Progress Kentucky removed the tweet after Louisville public radio station WFPL-FM aired a story. And the group issued two apologies over the past week for what they described as “inappropriate tweets sent by our organization.”



• ARIZONA PRISON ENDS FIGHT INVOLVING 400 INMATES: TUCSON, Ariz. (AP) — An Arizona prison complex is on lockdown after a fight broke out among 400 inmates.

Arizona Department of Corrections spokesman Bill Lamoreaux says the staff was able to quickly stop the fight that broke out at 9:45 a.m. Sunday at the Whetstone Unit of the Arizona State Prison Complex in Tucson.

Two prison staffers suffered minor injuries, while five inmates were brought to hospitals with injuries. The extent of the inmates’ injuries wasn’t immediately available.

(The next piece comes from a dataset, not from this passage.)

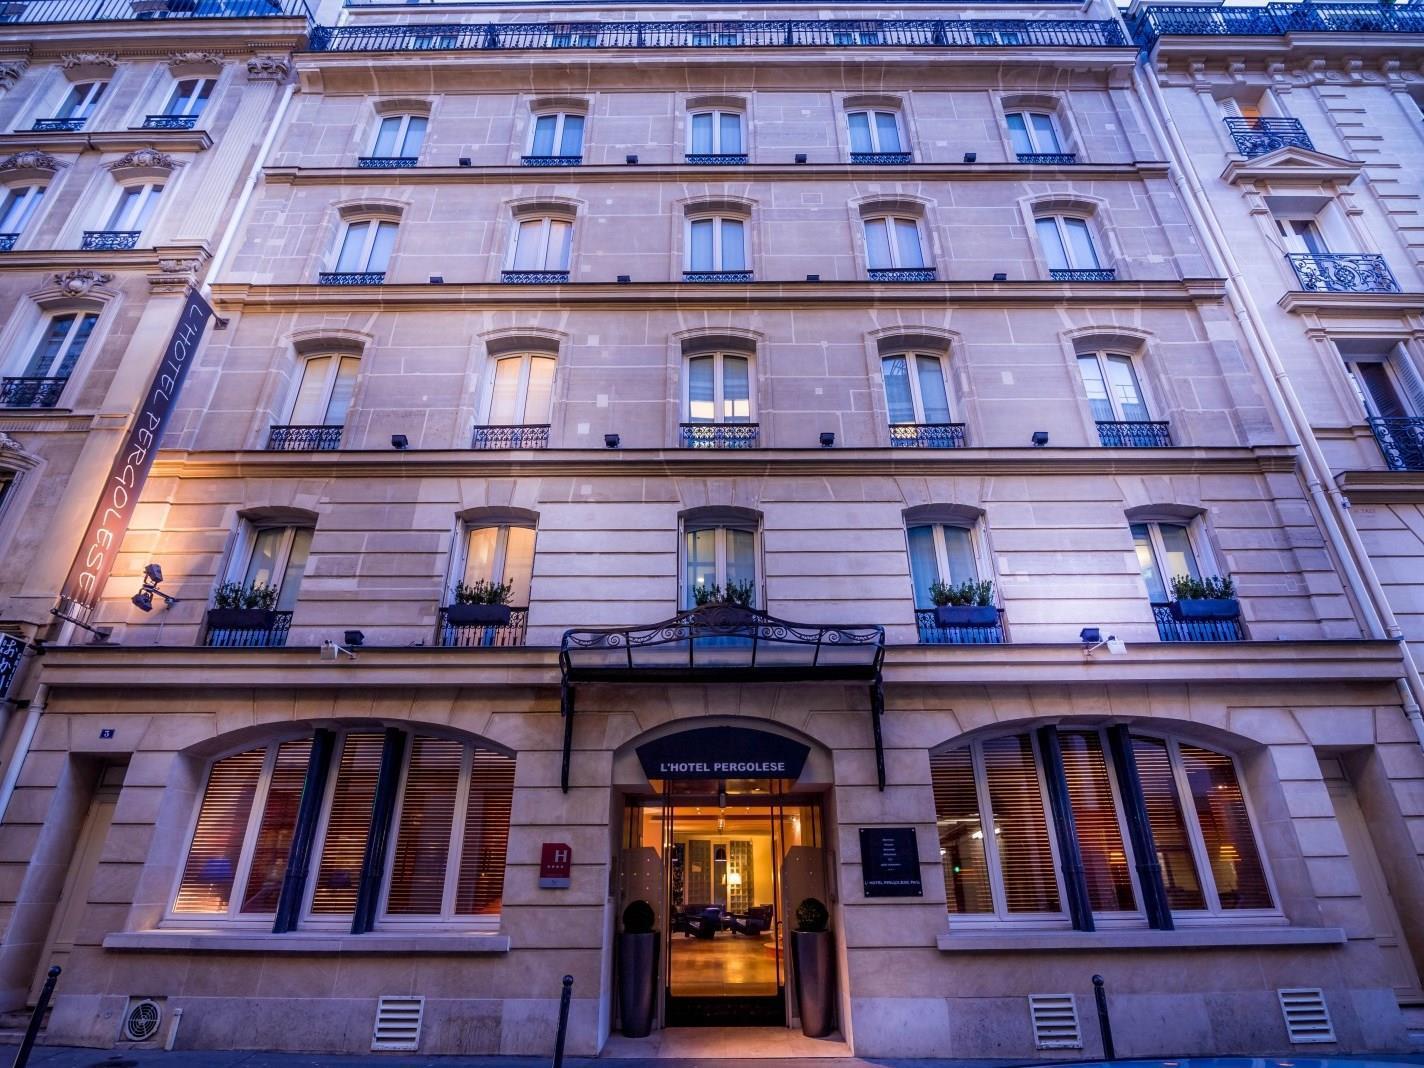 L'Hotel Pergolese - Hotell och Boende i Frankrike i Europa

The prison is investigating the cause of the fight.

Nearly 1,250 prisoners are housed in the Whetstone Unit. No inmates from the prison’s other seven units were involved in the fight.



• IDITAROD KICKS OFF WITH FESTIVE CEREMONIAL START: ANCHORAGE, Alaska (AP) — Mushers and their dogs took a leisurely jaunt through Anchorage on Saturday in the ceremonial start of Alaska’s Iditarod Trail Sled Dog Race.

The 1,000-mile race kicked off in a festive mood as 66 teams posed with fans and sailed their sleds 11 miles on streets covered with trucked-in snow. Each sled carried an Iditarider, a fan who won the short ride at auction.

“Today is fun, with a capital F,” said smiling veteran musher Aliy Zirkle, the runner-up in last year’s race. “If you don’t have a good time on Saturday with your dogs and all these fans, you’re not in the right sport.”

The event comes ahead of the real, competitive start of the race Sunday in Willow, 50 miles to the north. This is when teams leave the big crowds behind for remote terrain shared mostly with their dogs.

“Today we have fun. Tomorrow we’re serious,” defending champion Dallas Seavey, of Willow, said Saturday between chatting with spectators and signing autographs for fans, including Bunky Nistler of Beach, N.D.



• SCIENTISTS SAY BABY BORN WITH HIV APPARENTLY CURED: WASHINGTON (AP) — A baby born with the virus that causes AIDS appears to have been cured, scientists announced Sunday, describing the case of a child from Mississippi who’s now 2½ and has been off medication for about a year with no signs of infection.

There’s no guarantee the child will remain healthy, although sophisticated testing uncovered just traces of the virus’ genetic material still lingering. If so, it would mark only the world’s second reported cure.

Specialists say Sunday’s announcement, at a major AIDS meeting in Atlanta, offers promising clues for efforts to eliminate HIV infection in children, especially in AIDS-plagued African countries where too many babies are born with the virus.

A doctor gave this baby faster and stronger treatment than is usual, starting a three-drug infusion within 30 hours of birth. That was before tests confirmed the infant was infected and not just at risk from a mother whose HIV wasn’t diagnosed until she was in labor.



• EVERNOTE HACKED: 50 MILLION PASSWORDS RESET: LONDON (AP) — Online note-taking service Evernote Corp. says it has been hacked and is resetting all its 50 million users’ passwords as a precaution.

The Redwood City, California-based company said in a post published late Saturday that an attacker had been able to access sensitive customer information and that every user would have their account reset “in an abundance of caution.”

Evernote says the attacker was able to access an unspecified number of customers’ encrypted passwords. Decoding such passwords can be difficult but is far from impossible.

The company says it has seen no evidence that any customer data had been tampered with or that any payment information had been compromised.